The prison just isn’t consistent with dominant experiences of the Highlands. It appears in that context as ill-fitting, as a disturbance, and as unheimlich – a German word normally translated as ‘uncanny’ but more literally meaning not home-like. It may as well be a starship shaped like a large pink elephant – not just out of sight and out mind, but out of scope.

(iii)

Before I had started working with the Highland Culture Collective, I had long been thinking about how my creative practice could engage with overly aestheticised visions of rewilding, many of whose proponents seem all too willing to Photoshop the Highlands I know and love: its idiosyncratic communities, its irreverent traditions and its ramshackle alt-iconography of Volvo-carcass-sheilings, tune names, hydro schemes, oil rigs, accordionists, in-jokes, pylons, hi-viz, badly behaved faeries, badly behaved ferries, and so on. In thinking about the presupposed incompatibility between this Highlands and the Highlands of Ecological Potential (and how the two are going to have to co-exist) I had been mulling over the term “Reweirding”: a word for resisting attempts to bring the Highlands to heel under any one vision; an appeal for the region’s basic right to multiplicity, grass-roots experimentation and vibrant incoherence.
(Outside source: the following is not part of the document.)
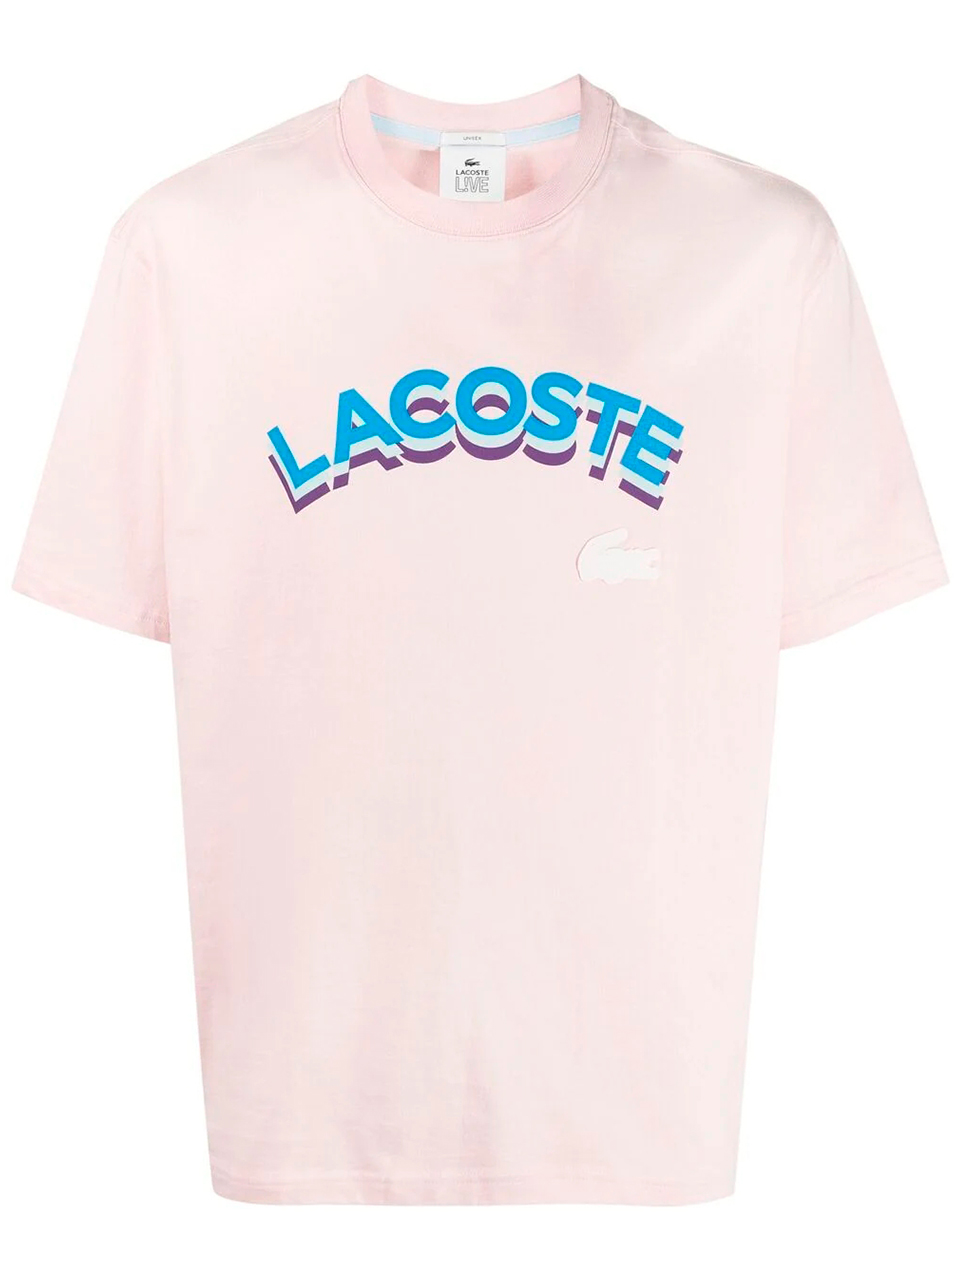 Imagem de: Camiseta Lacoste Rosa com Estampa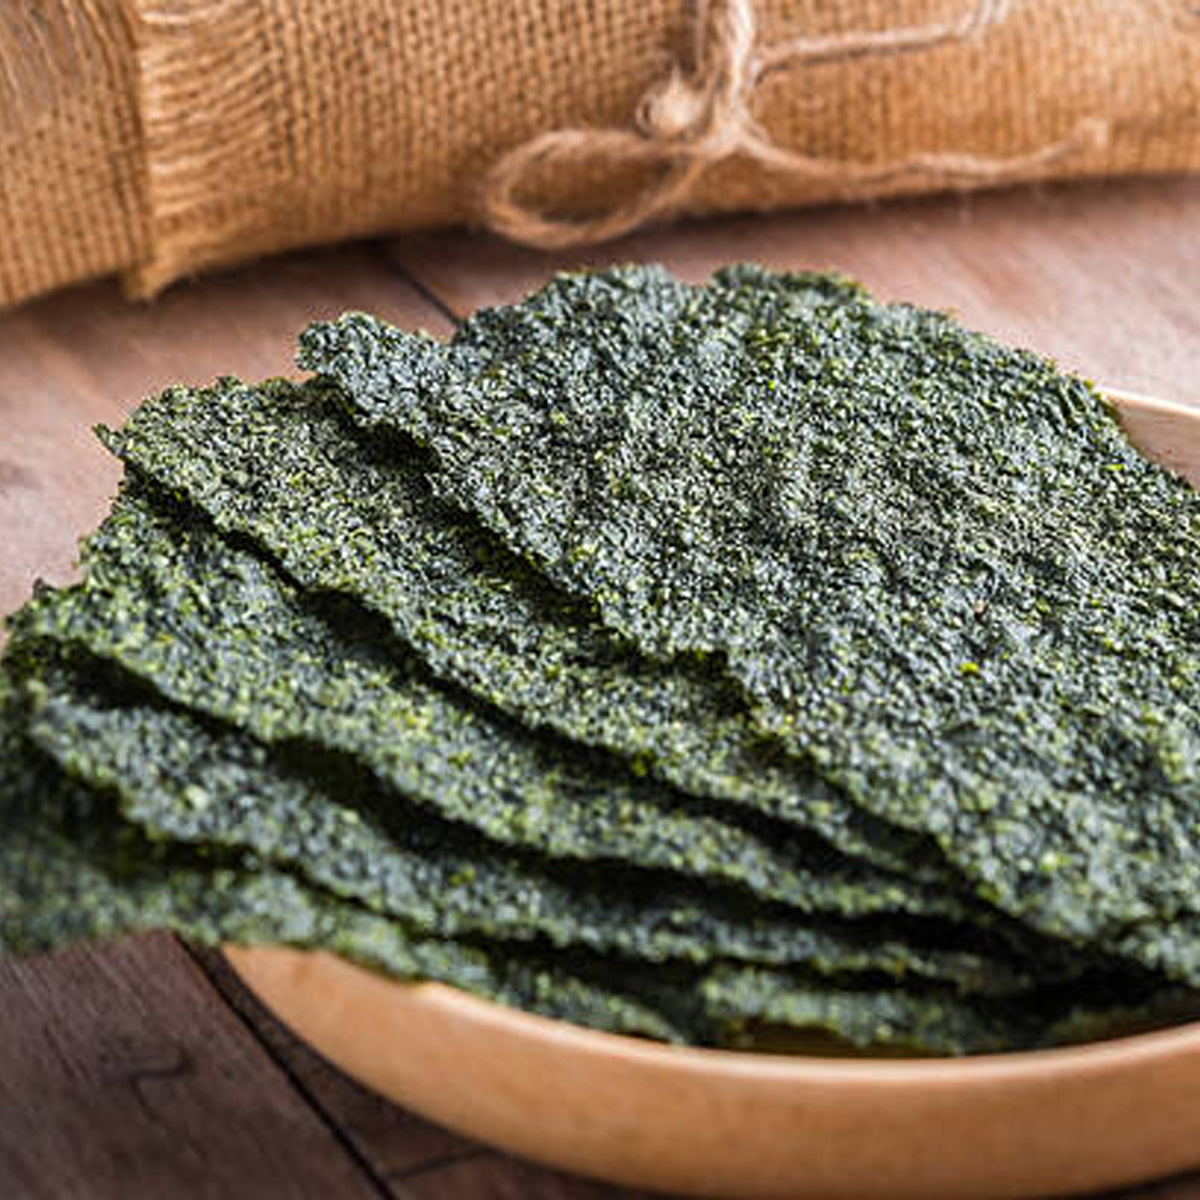 Premium Roasted Nori Seaweed from Mikawa Bay

The word was self-evidently too sweet to be a totally original coinage, so it was pleasing and unsurprising to find a handful of other people deploying it in related ways, and writing pithier summaries than I could. Matt Colquhoun, blogging as Xenogothic, was one:

“Many a Guardian columnist has sought the rekindling of this relationship to our wildernesses through a sort of romanticised primitivism, but in charting and recognising our histories we mustn’t claw for an illusionary past. Rewilding is nothing if it’s devoid of a tandem cultural consciousness raising that is built around collective activity on the commons. We don’t need our spaces ‘rewilding’ but ‘reweirding’.”

The Highlands remains, for whatever reason, a magnet for visions of romanticised primitivism and illusionary pasts, all of which seek to attract attention to some aspects of the place, and mask other aspects behind an SEP. It’s also worth saying that not all of them are delivered upon the Highlands from the offices of Guardian columnists, or the tax havens of absentee landlords – many are also home-grown. Reweirding the area, then, isn’t just drawing attention back to the odd, or to the many alternative and less romanticised ways of representing place. The ramshackle alt-iconography I listed above is, of course, not “the real” Highlands either, but just my own cutesy-quirky list of faves. More important are the possibilities opened up by reweirding to use our creativity and imagination to remind people of the interconnectedness between the stark beauty or the rich history, and the prison or the food bank or the queue outside the pharmacy. To remind ourselves – especially those of us who see the Highlands’ potential to lead the way into a sustainable future – that the parts we might find weird, unheimlich and difficult to accept, are not Somebody Else’s Problem.